Supreme Court of Florida.

March 5, 1981.

*546 Jim Smith, Atty. Gen., and Robert L. Bogen, Asst. Atty. Gen., West Palm Beach, for petitioner.

Talbot D'Alemberte of Steel, Hector & Davis, Miami, and Florence Beth Snyder, West Palm Beach, for respondent.

ENGLAND, Justice.

We have agreed to review a decision of the Fourth District Court of Appeal, reported at 378 So.2d 862, which interprets our authorization for cameras in Florida's courtrooms by explicating the standards for trial judges to exercise their discretion in determining whether to exclude electronic media coverage of trial testimony. This case involves no first amendment issues regarding public access to the courts, and it in no way challenges the validity of our decision in In re Post-Newsweek Stations, Florida, Inc., 370 So.2d 764 (Fla. 1979), which in general allows electronic media coverage of Florida court proceedings.

The issues before us arose in the course of a criminal prosecution against Arthur Sakell for first degree murder. Sakell was an inmate of Glades Correctional Institute who allegedly caused the death of another inmate. Prior to trial, the state presented to the trial judge two affidavits of former prisoners of that institution, on the basis of which it requested that the court exclude television coverage of their live trial testimony. The affidavits indicated that both prisoners had been moved to Lantana Correctional Institute, but nonetheless reflected the inmates' fear of reprisal as a result of television reporting their live testimony against Sakell. Media representatives were notified of a hearing on the state's request to exclude television coverage of these witnesses' testimony, but were not furnished copies of the affidavits prior to or at the scheduled hearing.[1]

At the hearing on the state's request to exclude television coverage, no evidence was adduced by the state other than the two affidavits which had already been filed and made a part of the record of the proceeding. A prison official was available in court at the time of the hearing, apparently to testify regarding the facts of prison violence and the validity of the witnesses' fears of prison reprisal. He was never called upon to testify, however. The entire hearing consisted of a discussion between counsel and the court. The hearing resulted in a determination by the trial judge that the media should be excluded.[2]

The issues in this case focus squarely around that sentence in our Post-Newsweek decision which delegates to trial judges the authority to exclude electronic media in certain instances. The standard we adopted is:

The presiding judge may exclude electronic media coverage of a particular participant only upon a finding that such coverage will have a substantial effect *547 upon the particular individual which would be qualitatively different from the effect on members of the public in general and such effect will be qualitatively different from coverage by other types of media.

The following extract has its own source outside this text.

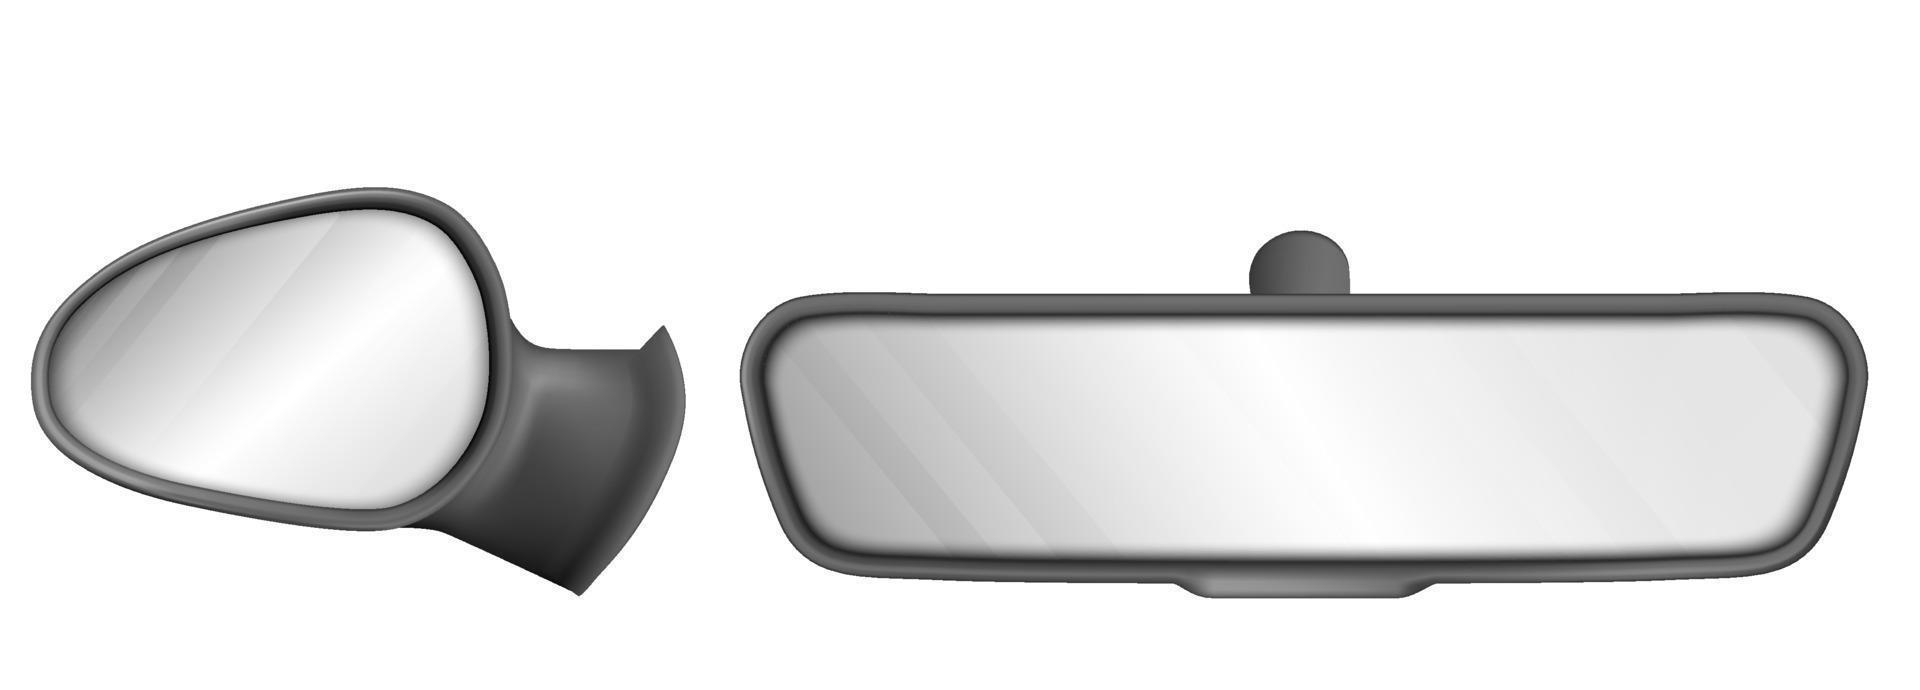 vector kant en achterzijde visie auto spiegels

370 So.2d at 779 (emphasis added). The controversies between the state and the media in this case center around the requirement of a "finding," and the standards for its rendition.

Preliminarily, we reject the assertion that we have already ruled on the issue of excluded coverage with respect to prisoners who may testify against others in the prison system. It is true that our Post-Newsweek decision discussed a number of considerations which might allow a ban on electronic media coverage in judicial proceedings, and that one of the considerations we mentioned was the refusal of a prisoner-witness to testify for fear of reprisals from fellow inmates. Id. at 778. That discussion was not a determination that prisoner-witnesses are automatically eligible for an exclusionary ruling with respect to television and radio coverage of their testimony, however. It was merely illustrative of the type of "unique problems [which] can arise with respect to particular participants in a judicial proceeding,"[3] so as to justify our authorizing trial judges to exercise their discretion in particularized determinations.

As another preliminary matter, we reject any suggestion that a "finding" within the contemplation of our Post-Newsweek decision requires a written order which separately identifies and labels a paragraph or sentence as a "finding of fact." What is contemplated is a finding on the record, whether that be in a written order or in a transcript of the hearing. No special requirements attend this exclusionary finding which do not pertain in other areas, and certainly no additional formalities are necessary. The situation here with respect to the adequacy of "findings" is no different from that in Peterson v. State, 382 So.2d 701 (Fla. 1980), in which we permitted trial judges to recite their conclusory findings regarding the voluntariness of confessions sought to be admitted.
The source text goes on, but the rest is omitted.